• Task description: From the first line to the last, copy the material word for word; pictures stay out.

• Given material:
********
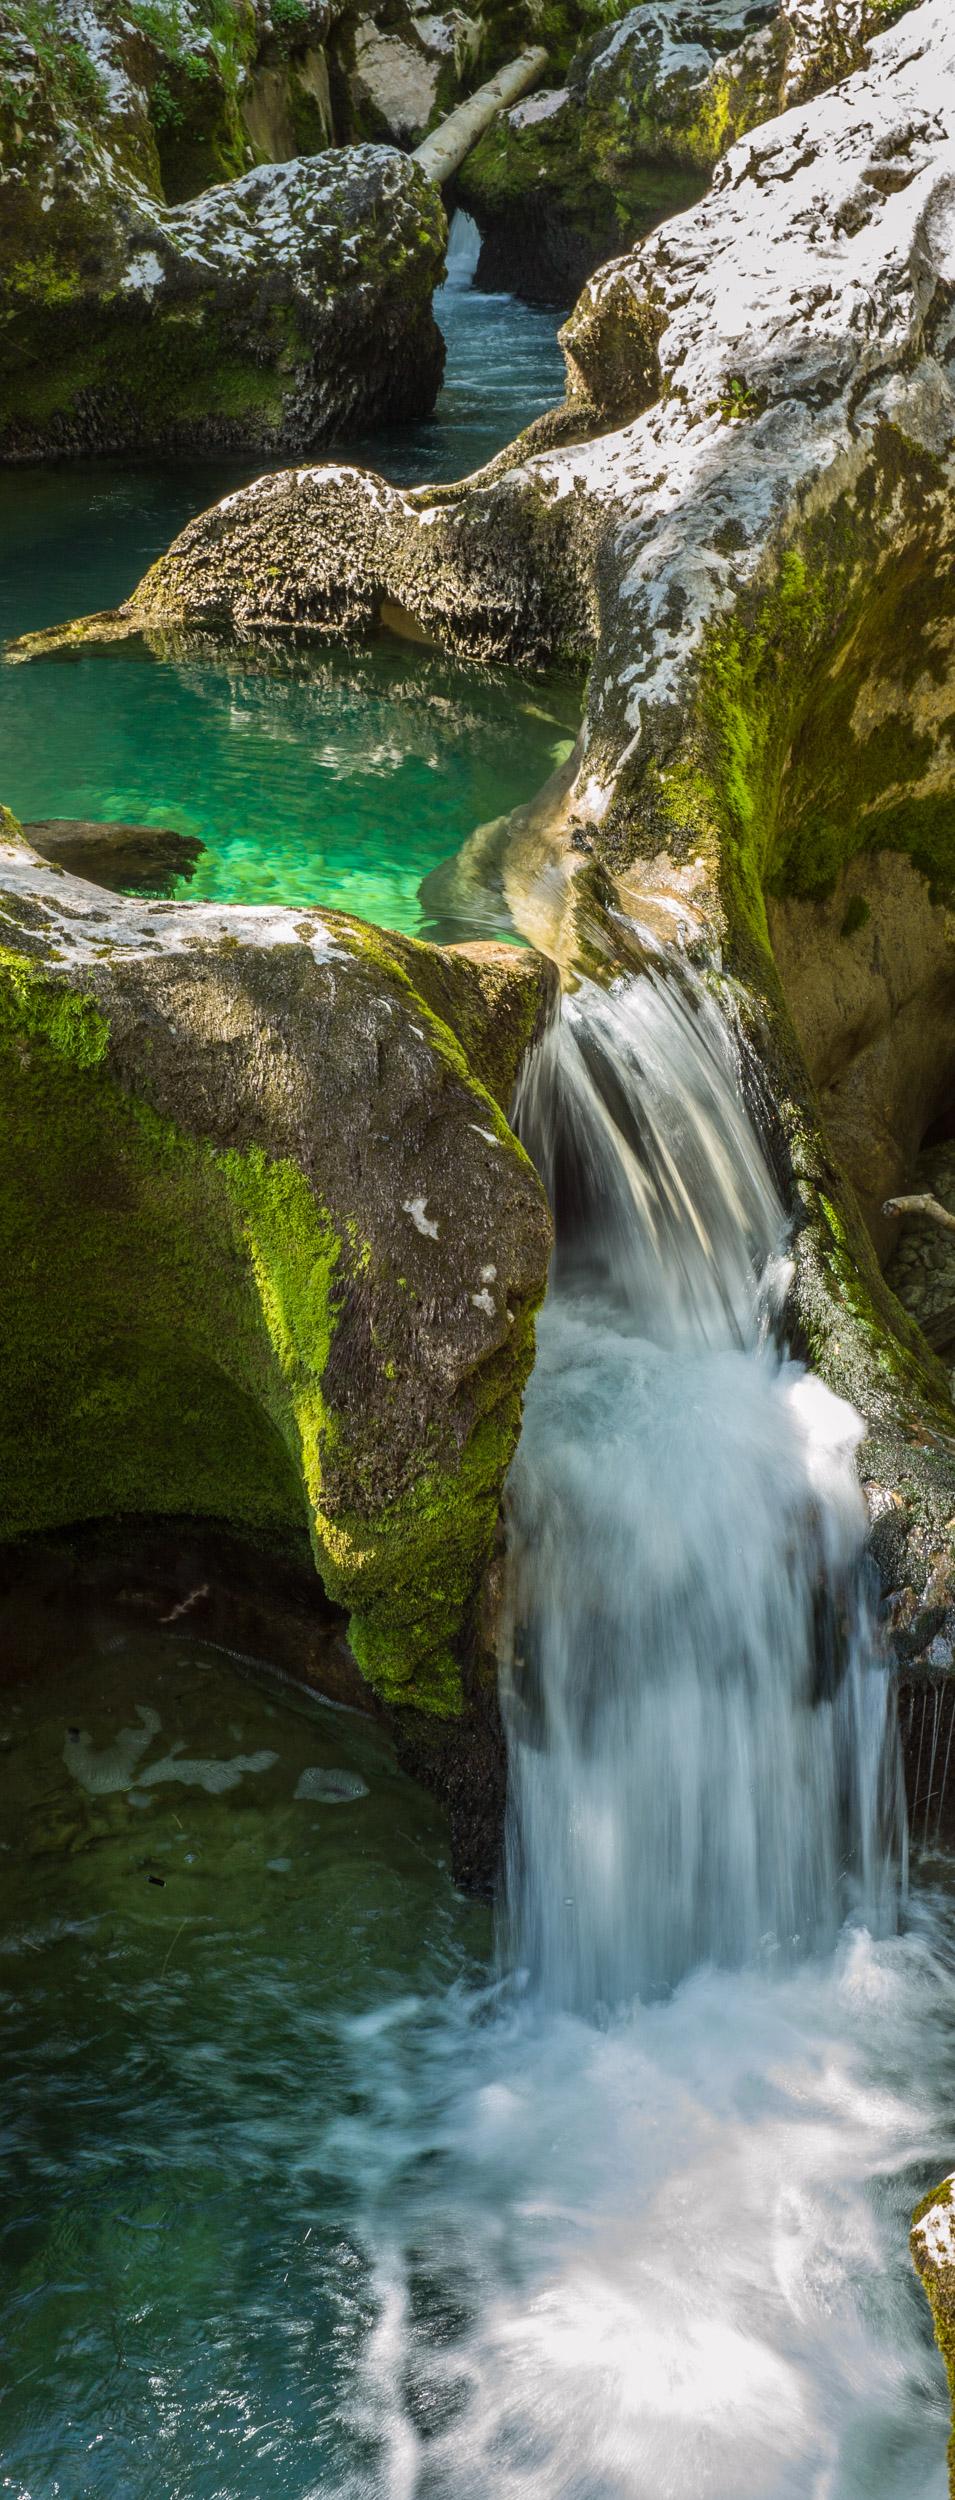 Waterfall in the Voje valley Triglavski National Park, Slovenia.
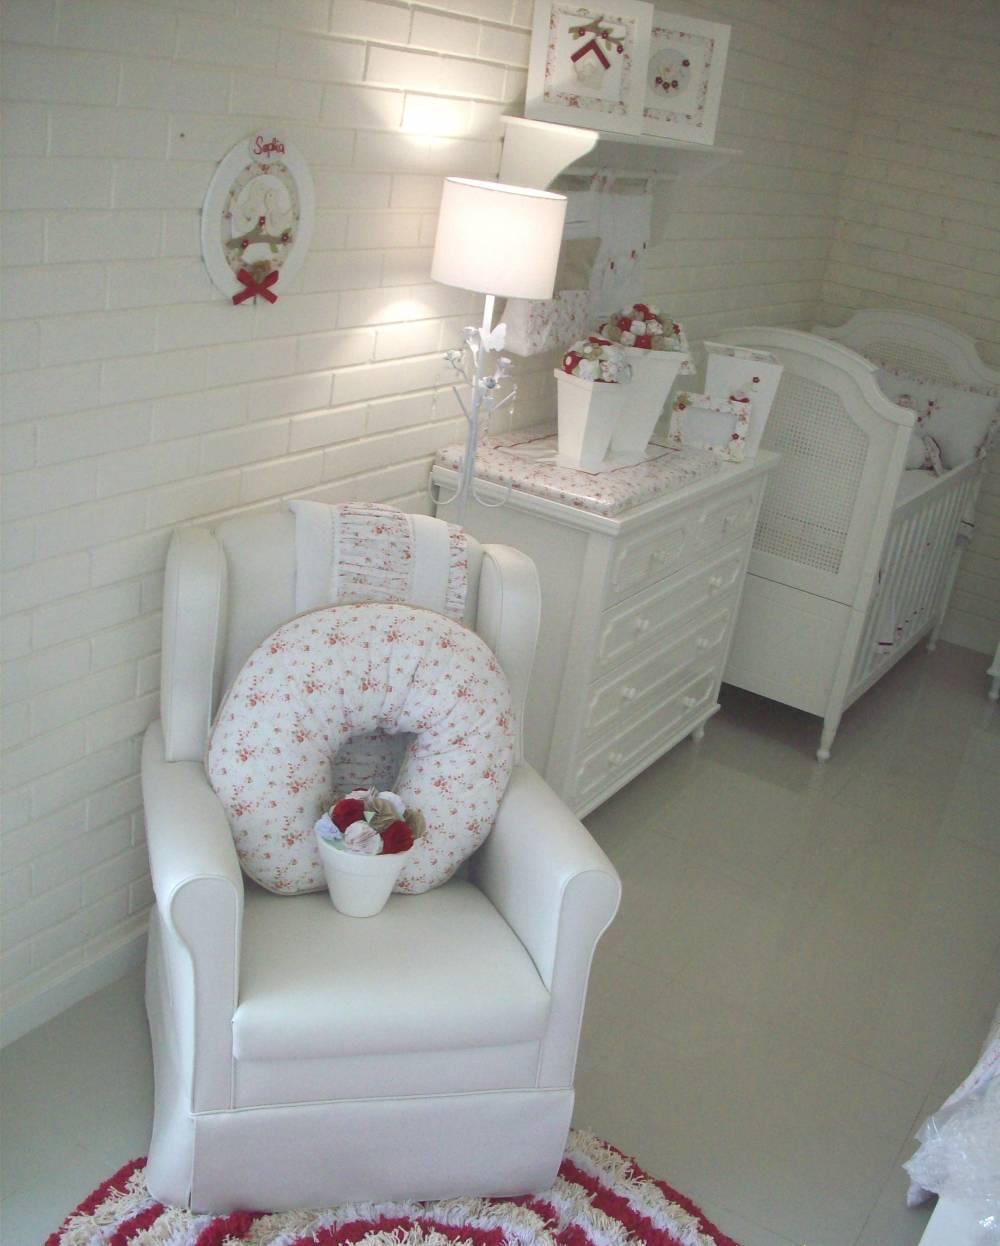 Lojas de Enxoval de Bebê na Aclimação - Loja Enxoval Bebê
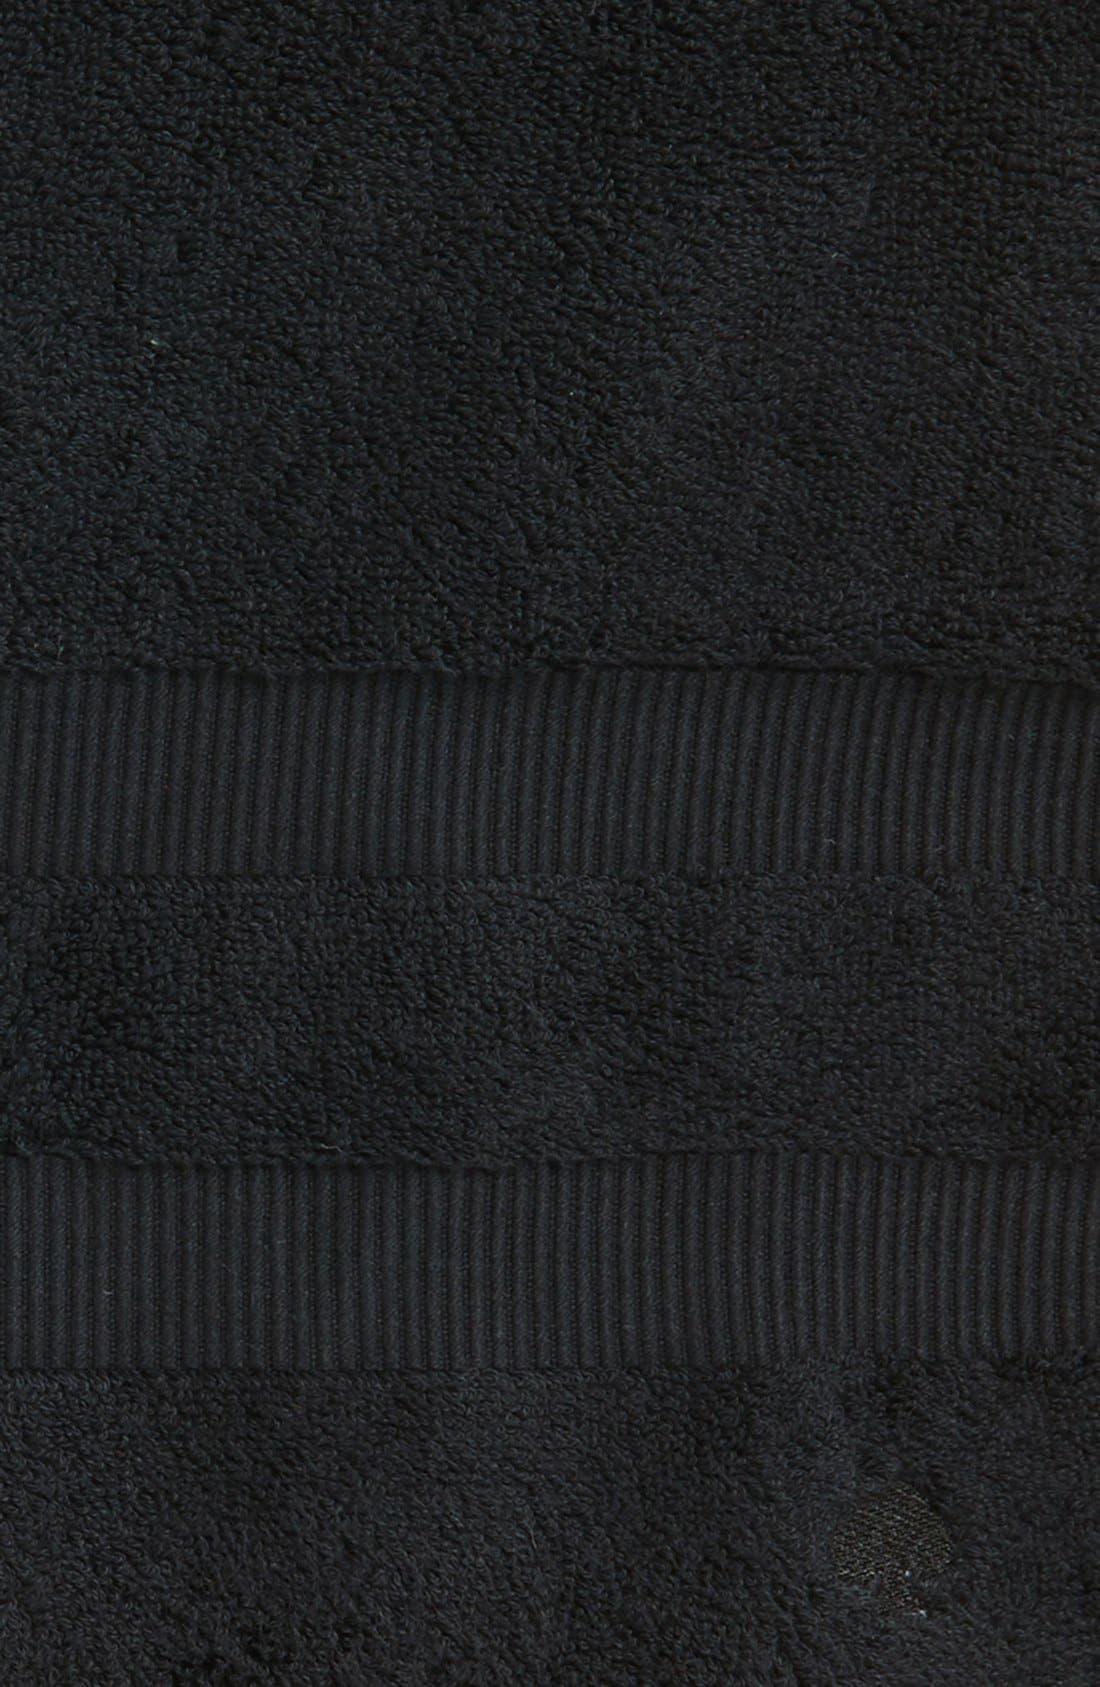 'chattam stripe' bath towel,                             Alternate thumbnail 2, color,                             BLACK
********
• Exercise answer:
 Waterfall in the Voje valley Triglavski National Park, Slovenia.
 Lojas de Enxoval de Bebê na Aclimação - Loja Enxoval Bebê
 'chattam stripe' bath towel,                             Alternate thumbnail 2, color,                             BLACK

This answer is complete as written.